Mark Hotchin - who may be familiar to readers as the person who until recently was building a $30 million mansion on Auckland's plush Paritai Dr as well as planning a $13.8 million holiday home on Waiheke Island - is currently enjoying an extended luxury holiday with family and assorted hangers-on in eye-wateringly expensive resorts in Hawaii: eye-watering to the tune of advertised per-night rates of almost $4000.
Their stay in Hawaii is expected to last until at least early July, the paper reported.
With businessman Eric Watson, Mr Hotchin co-owned Hanover before an Allied Farmers "rescue deal" in December last year.
According to the Star-Times, his wife, Amanda, their children and nanny have been there since April 8.
When confronted by the newspaper as to the propriety of such extravagance while erstwhile investors were facing ruin, Amanda Hotchin is reported as having said: "We don't have to justify where we get our money or what it's spent on, to anyone.
I don't care what anyone says."
Therein lies the rub.
The trickle-down hypothesis, like neo-liberal economics, is fine in theory, except that it takes little account of the messiness of human behaviour - of fallibility, of greed, of rapaciousness.
Furthermore we have, in this country, bred a culture of worshipping acquisitiveness.
Those who have neither the means nor the nous to play the system, play the pokies or Lotto instead.
It is those people who will be hardest hit by an increase in GST.

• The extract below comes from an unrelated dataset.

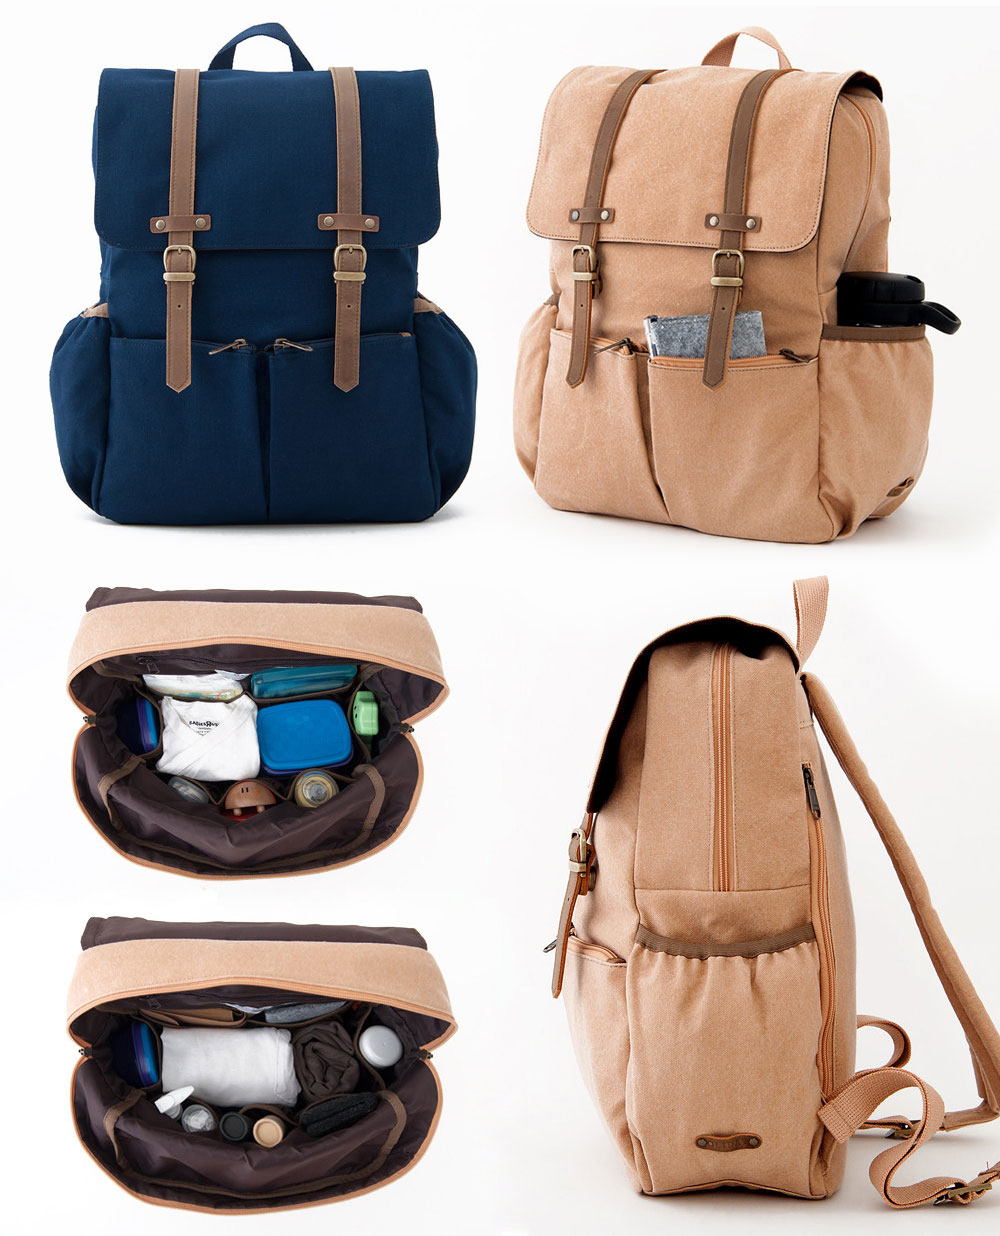 15 Best Diaper Bags and Backpacks For Every Parent in 2023 | POPSUGAR Family

At one level it might be considered a fair system because it is a tax on consumption, so the more you choose to consume, the more you are taxed; further, it can't be avoided by the rich and super-rich, who might structure their affairs in such a way as to pay little or no personal tax rather paying it through their companies or trusts at lower rates.
But every time they so much as buy a banana, the tax man stamps their ticket.
Only in their case it's small beer.
A mere trifle.
The stamp on the ticket of the low-wage family, which uses every last cent of its income to feed itself, is rather more telling.
Simon Cunliffe is assistant editor at the Otago Daily Times.